• TASK STATEMENT
Leaving out the pictures, retype exactly the lines from the one holding "和楽器を使った怪しげな雰囲気のファンクの未再生の波形" through the end of the material.

• RECORDED DATA
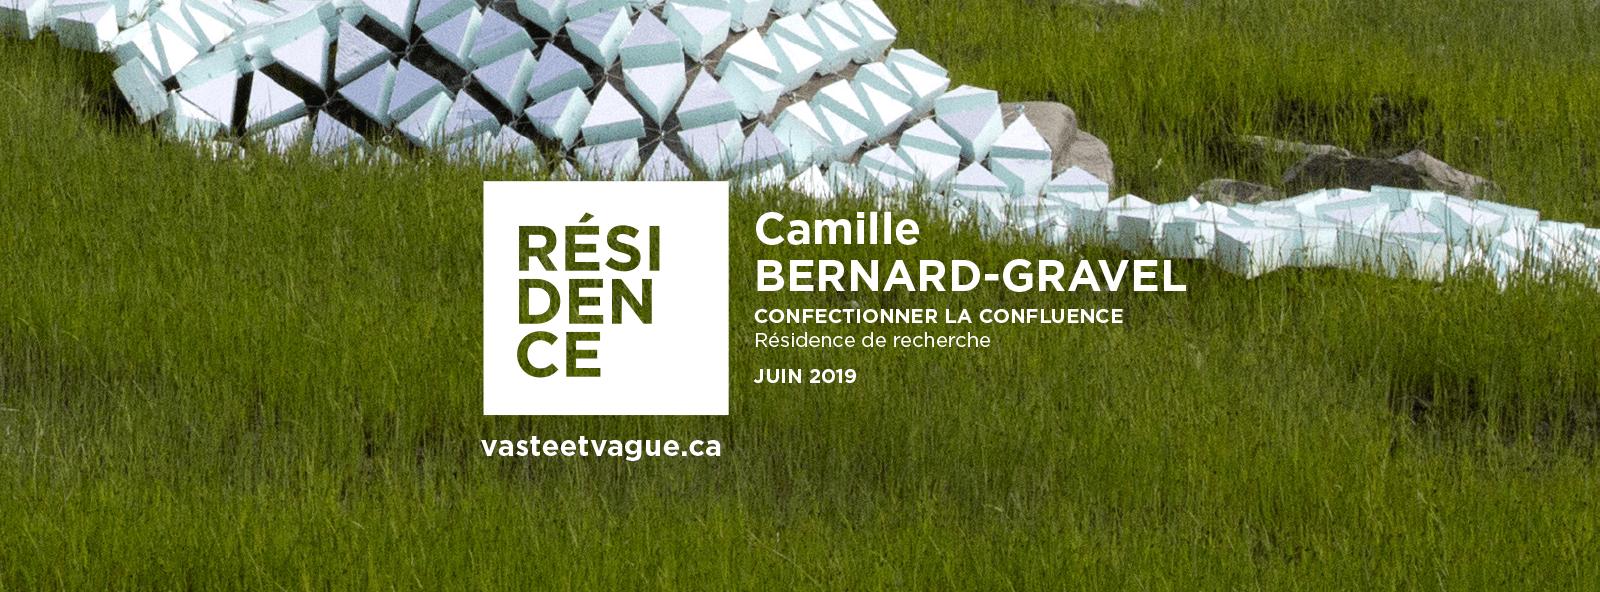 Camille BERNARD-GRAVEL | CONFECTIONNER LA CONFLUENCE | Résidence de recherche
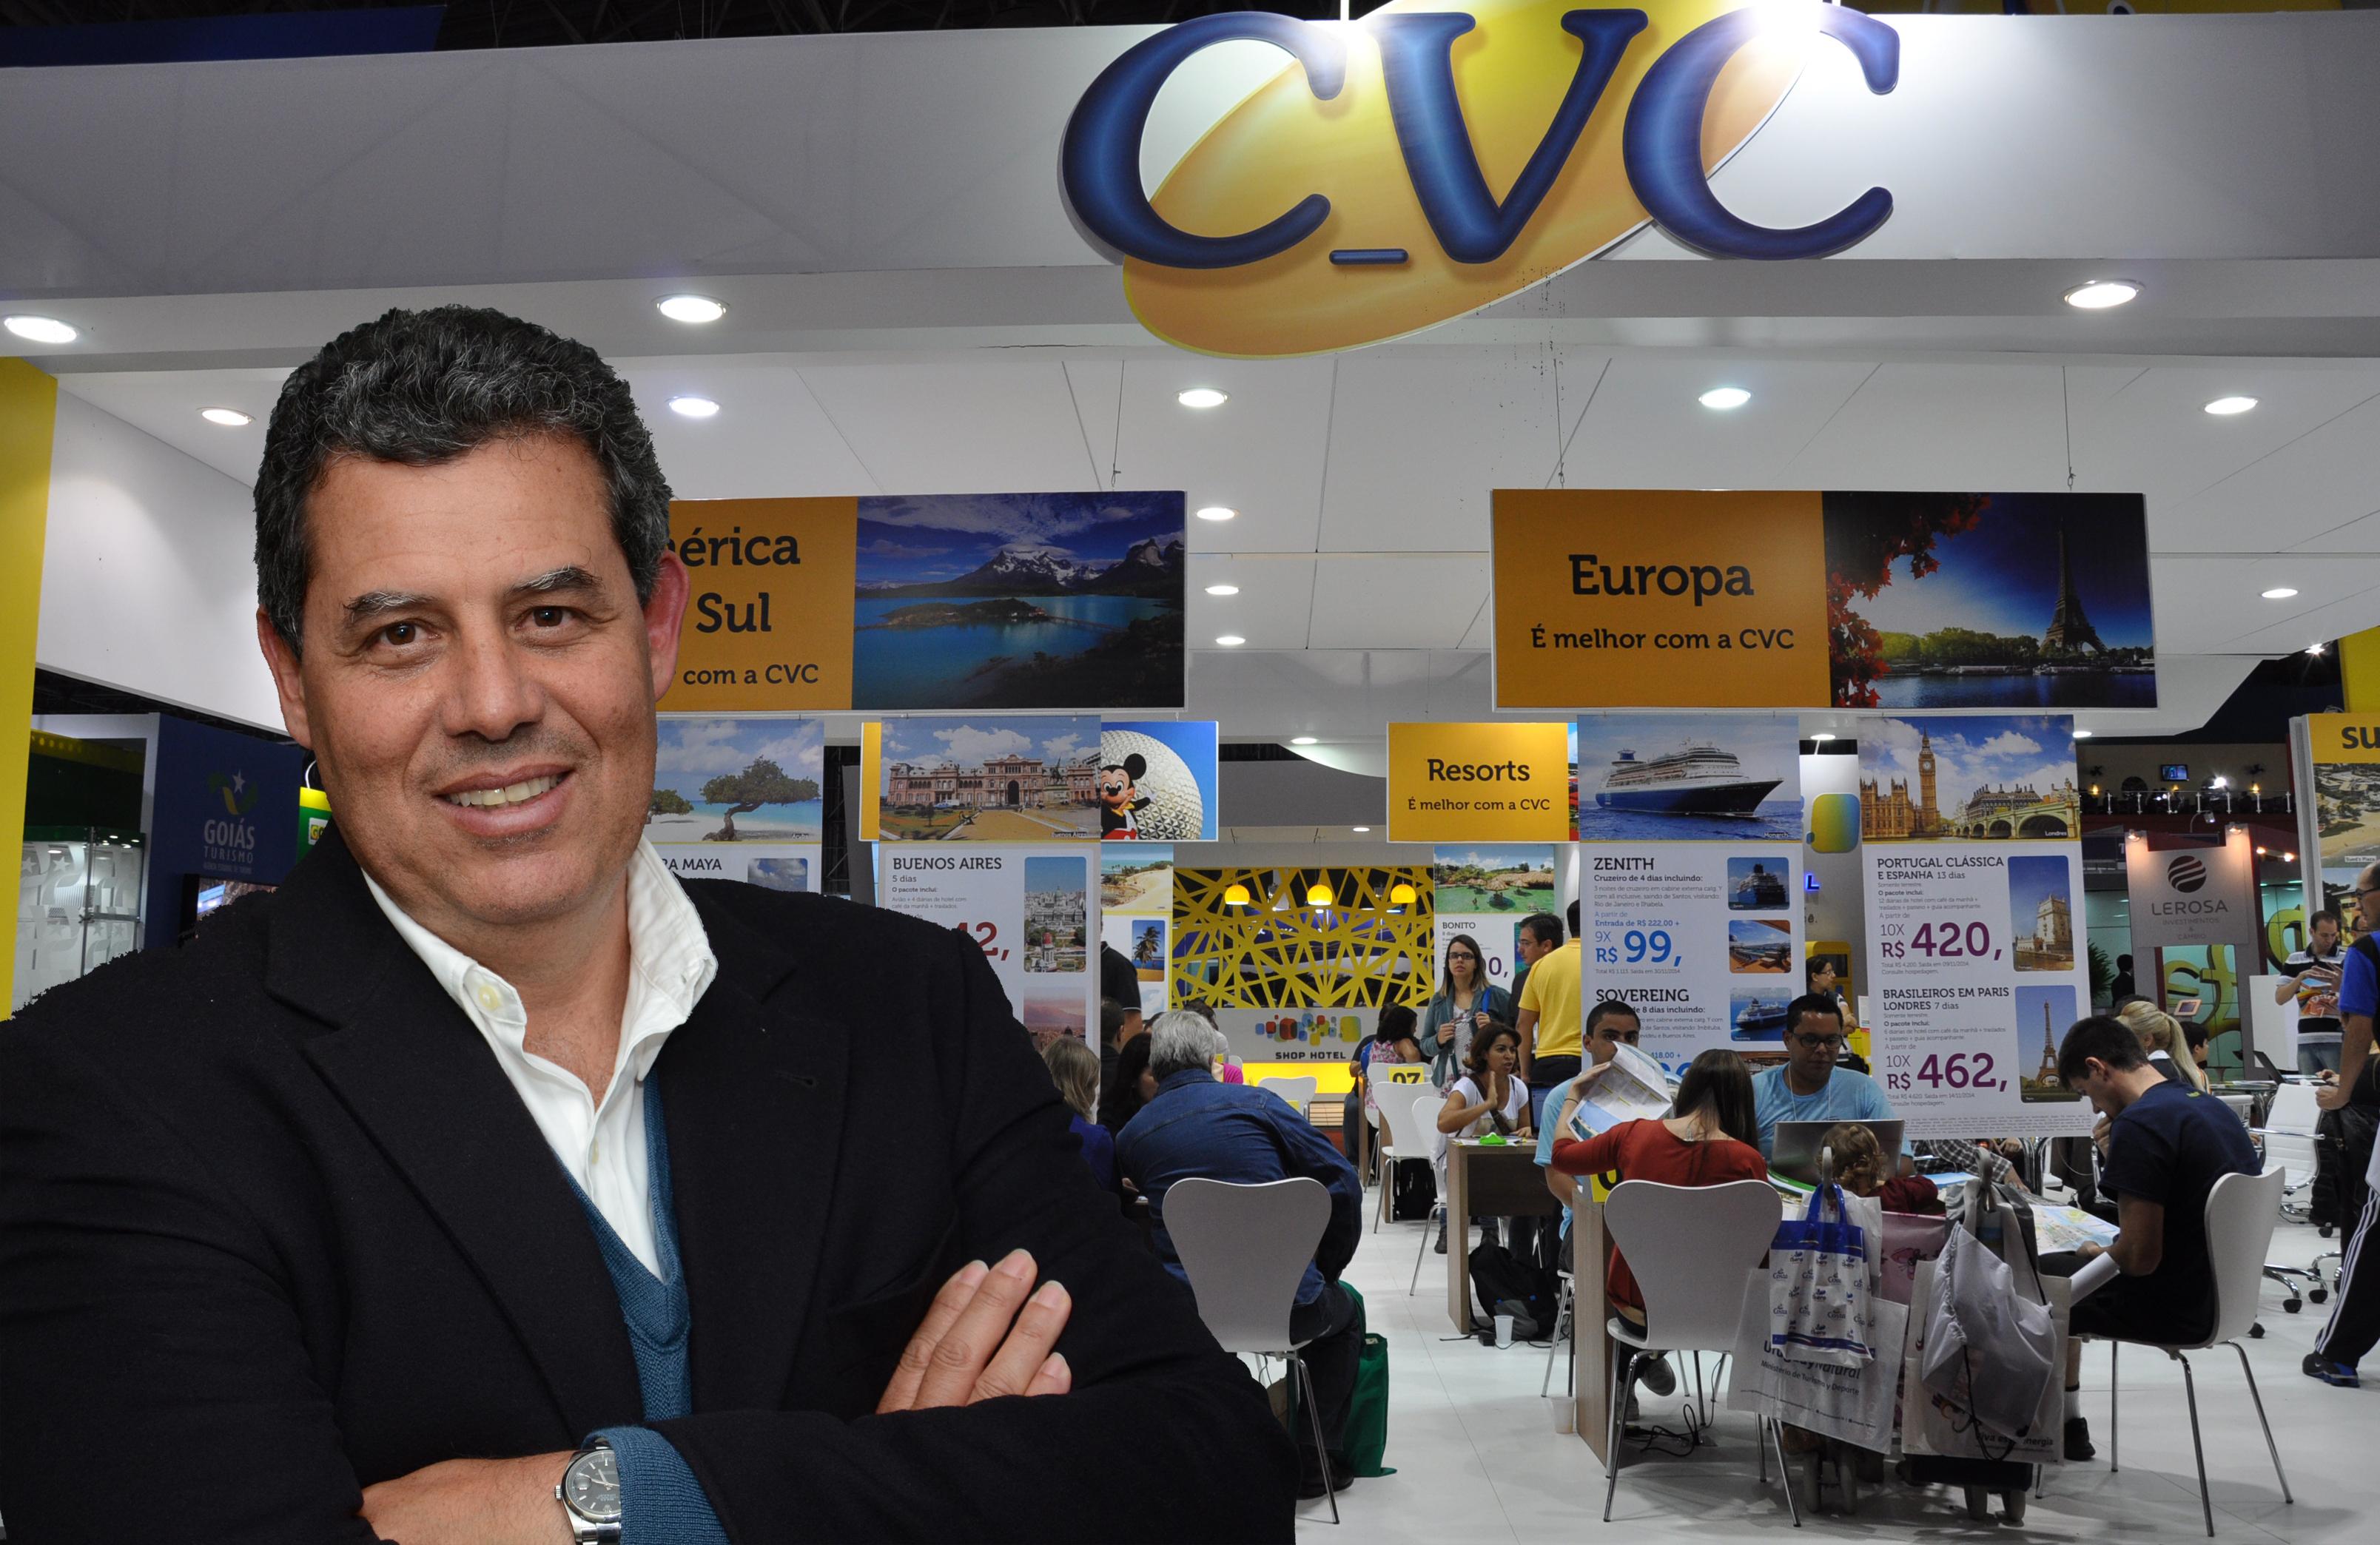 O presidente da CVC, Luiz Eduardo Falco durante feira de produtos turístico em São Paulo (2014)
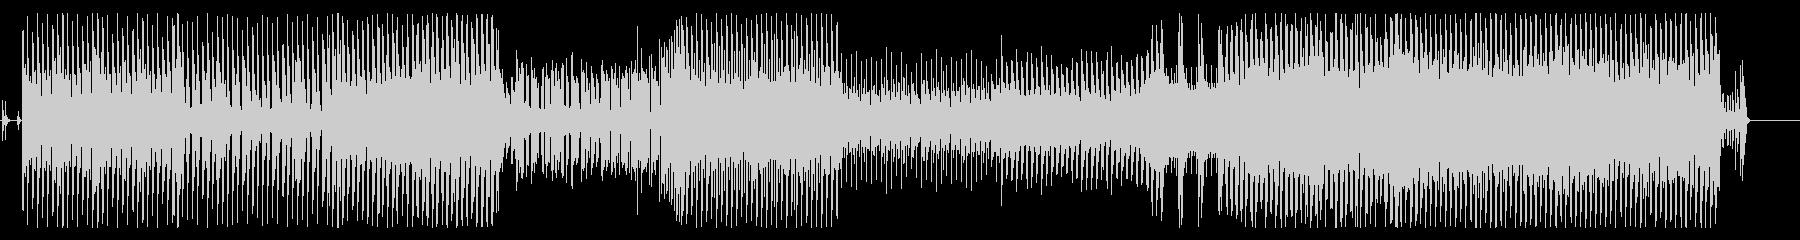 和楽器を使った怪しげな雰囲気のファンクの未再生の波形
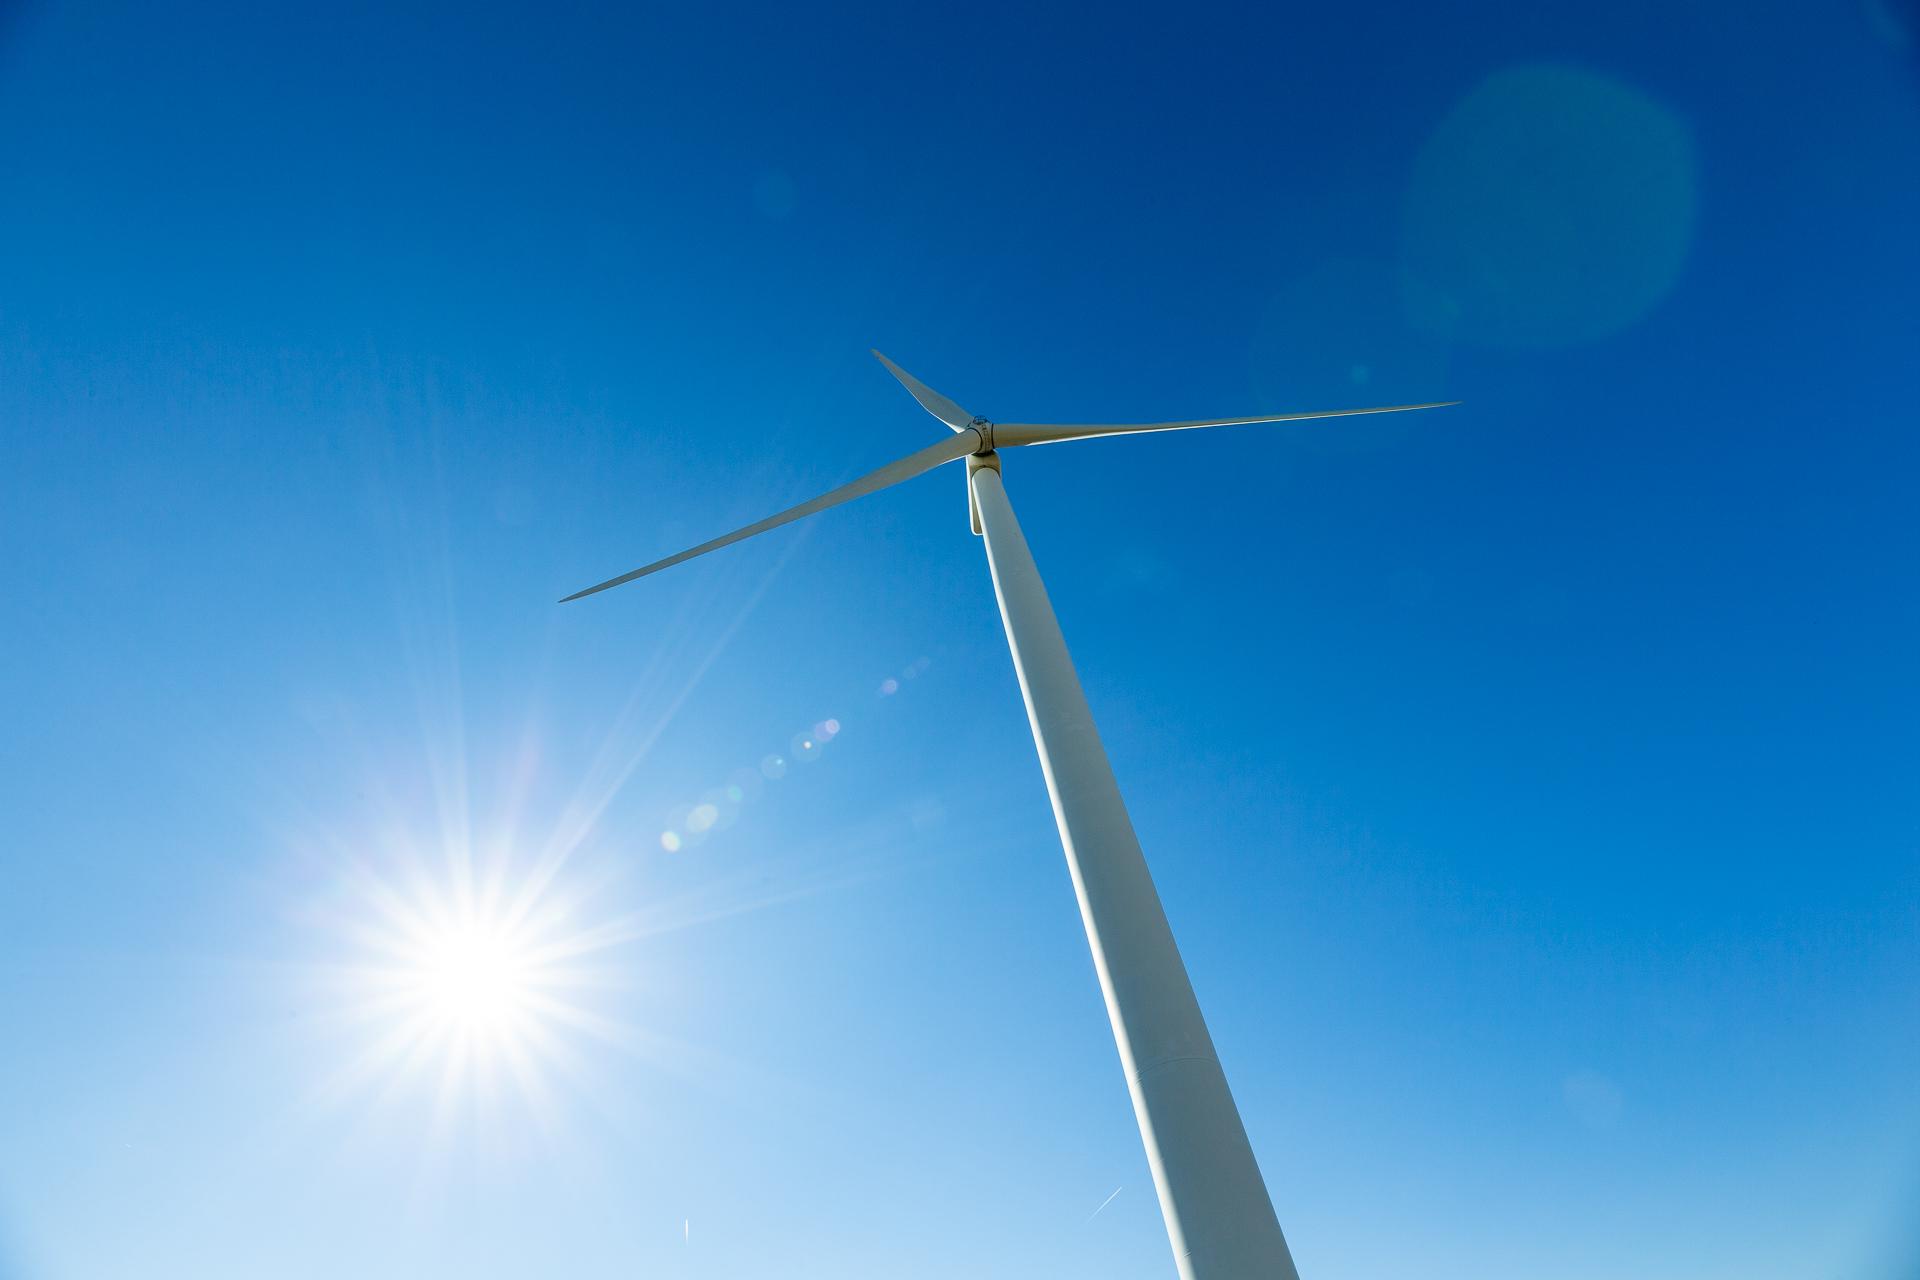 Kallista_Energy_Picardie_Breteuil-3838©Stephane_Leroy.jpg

• WRITTEN RESPONSE
 和楽器を使った怪しげな雰囲気のファンクの未再生の波形
 Kallista_Energy_Picardie_Breteuil-3838©Stephane_Leroy.jpg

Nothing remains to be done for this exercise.